As noted, in its glory days, the ACE program at FCI Petersburg held classes five days a week.  Courses were allowed to run for up to 12 weeks.  Two or three different ACE classes were offered every available night (or afternoon, in the case of Saturdays).  In addition to this, the inmate-pioneered and inmate-instructed FastTrack GED program — a program designed to help many inmates receive additional, intensive tutoring in GED subjects — abided.  Program offerings were supported by significant interest from the inmates in the general population.  Signups for the ACE classes took three days, with lines stretching down the Education Department building for several days in a row.  Often classes would max out at the allowable 15 to 25 students, and a waiting list of 30 students would be prepared for the next quarter.  Inmate instructors were besieged with requests to find extra seats for students.  For my class, I regularly had additional students show up, not for the credit of class completion or for a certificate, but to monitor it for the knowledge being imparted.

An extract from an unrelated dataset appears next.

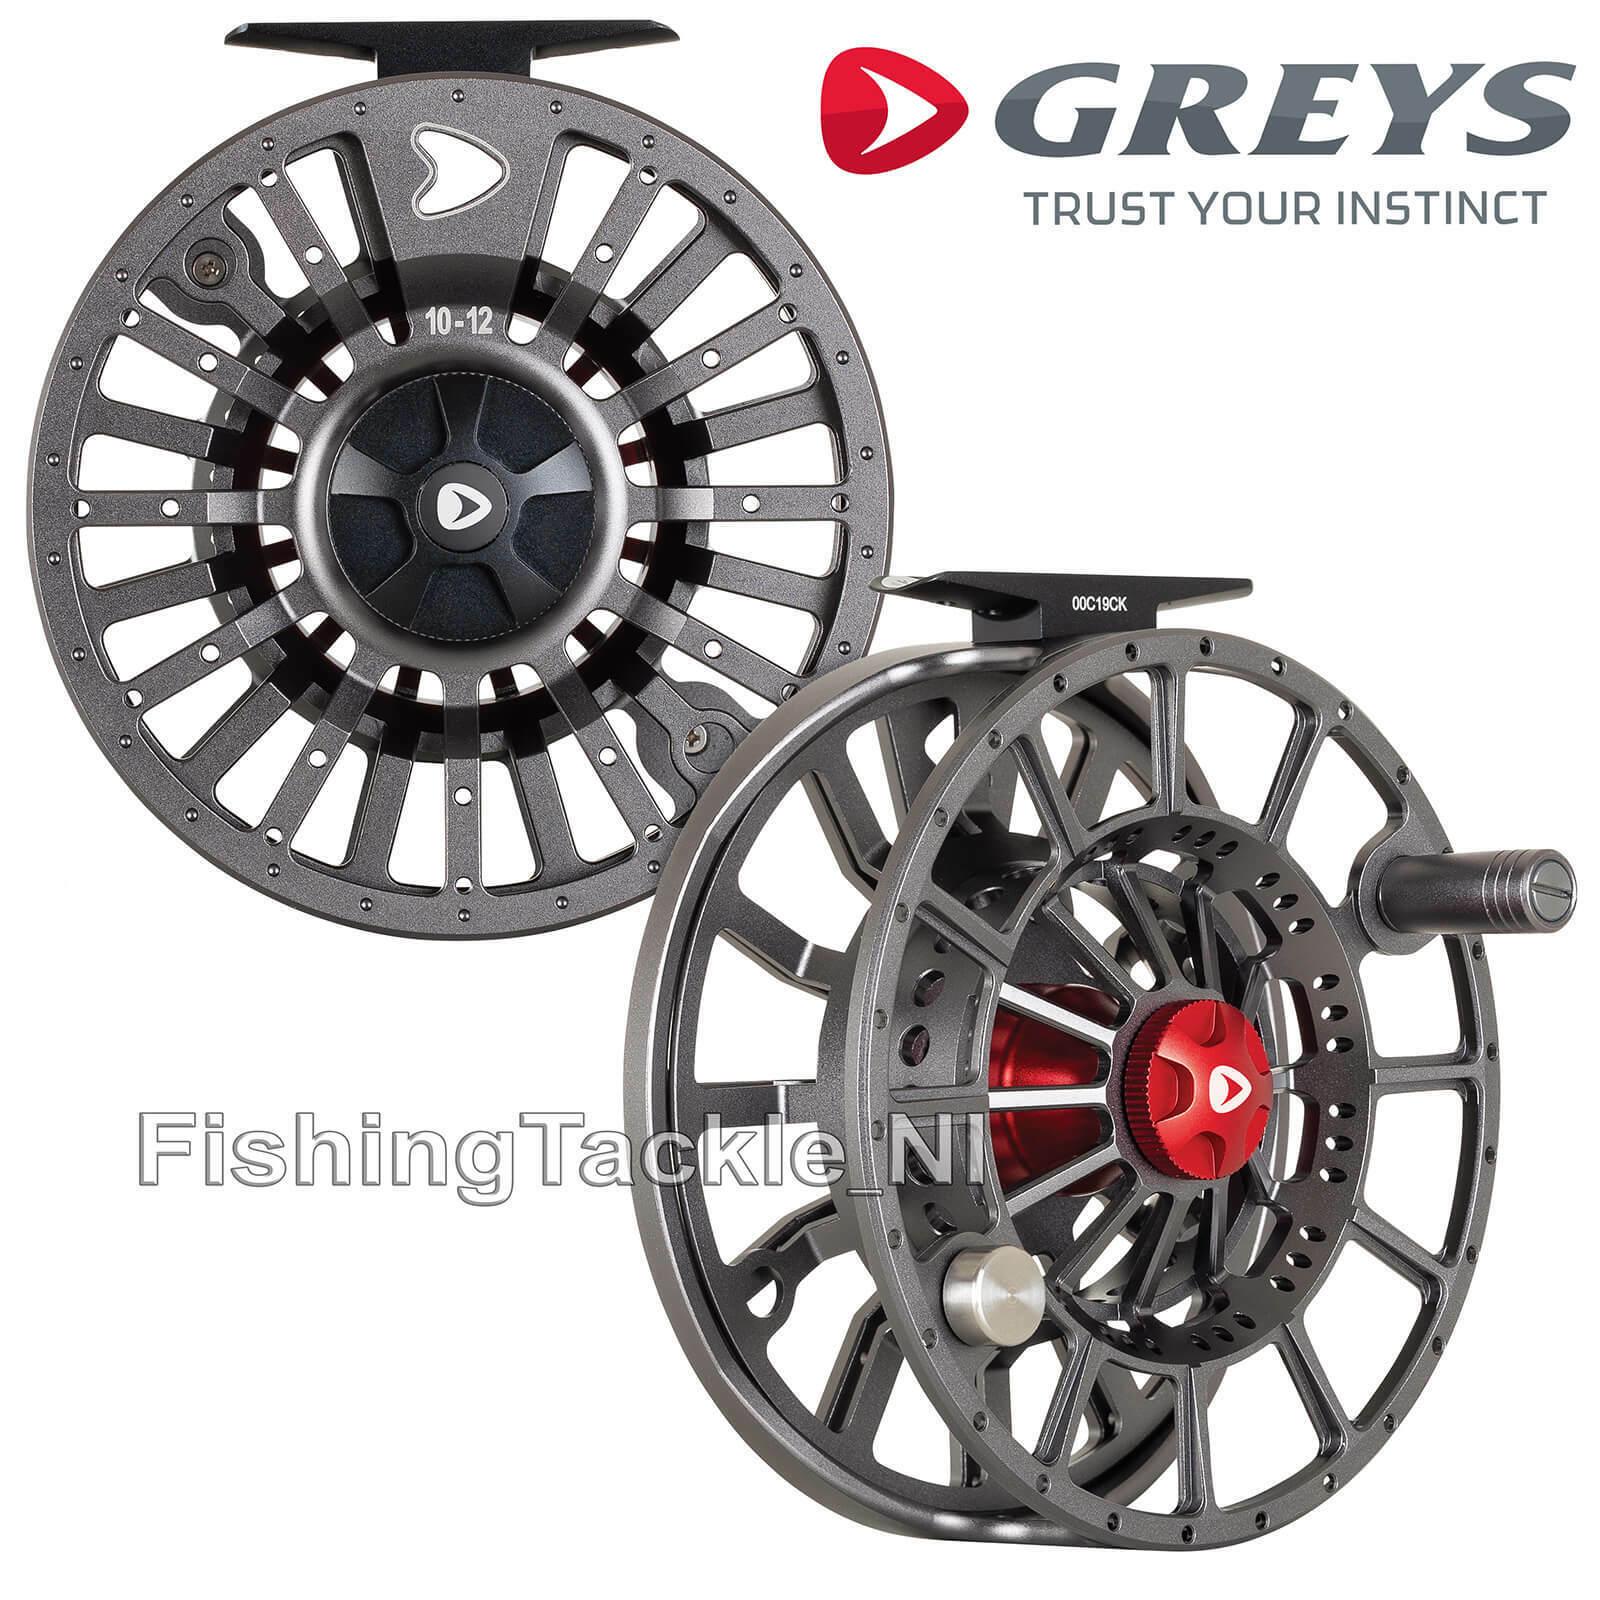 Greys GX1000 Fly Fishing Reel - Large Arbor Rulon Disc Drag Fly Reel 'NEW 2020'

These days, the five days of class time have been cut down to 3.  Course lengths have been cut from a maximum of 12 weeks down to an allowable 6 to 8 weeks.  And the 10 to 13 offered ACE classes have been cut down to 3 regular ACE classes.  The FastTrack GED program has been done away with, and in its place are several ACE classes which attempt to cover some of the same materials while taking up classrooms for the ACE program.  Less is being done with less.  Prior inmate leadership, which was the heart and soul of the ACE program, disappeared like smoke on the wind.  Even inmate ACE teachers, who teach for the passion of teaching, and genuinely care about their students, view the new FCI Petersburg Education Department leadership as a skeleton of its former self; many have left.  One ACE instructor was fired for voicing a complaint concerning his classroom door not being unlocked in time for his class to start.  Another inmate, one of the ones who essentially ran the ACE program, was fired due to his job “no longer being necessary.”  A day later, a new inmate was hired, one cowed by a lack of passion, drive, and initiative.

Looking at the current state of the FCI Petersburg Education Department is not an easy task.  Watching program offerings being cut and students left out in the cold hurts.  It pains me.  As a true prison educator, I empathize with my students, and I feel their pain and frustration.  As an advocate, I try to do what I can to help fill their needs.  But as an inmate, there is nothing I can do when drastic policy changes are enacted, and the new policies staff don’t foster a culture of professionalism and accountability.

I’m a true believer in educating America’s incarcerated class.  I’ve been taught in the prison classroom, and I’ve taught in the prison classroom.  I’ve administered an Adult Continuing Education program inside a federal prison.  And now, I’ve watched all of my hard work and the opportunities which helped me to grow to be burned to the ground.  Pardon me if I’m a bit sour, but it is lives we’re talking about here.  If we don’t help our students, who will?  If we allow ineptitude or apathy to stunt opportunities for growth and reformation, we’re part of the problem, not the solution.  So while I might not possess the authority here — at FCI Petersburg — to change much of anything, I will not stop from trying. When I look into my former students’ eyes when they bring their friends to me who are begging for some kind of educational opportunity, which can help them become something more, I feel for them.  And I am one of them.

The schoolhouse doors are there, the classrooms too, but no lights are on, and no one is home.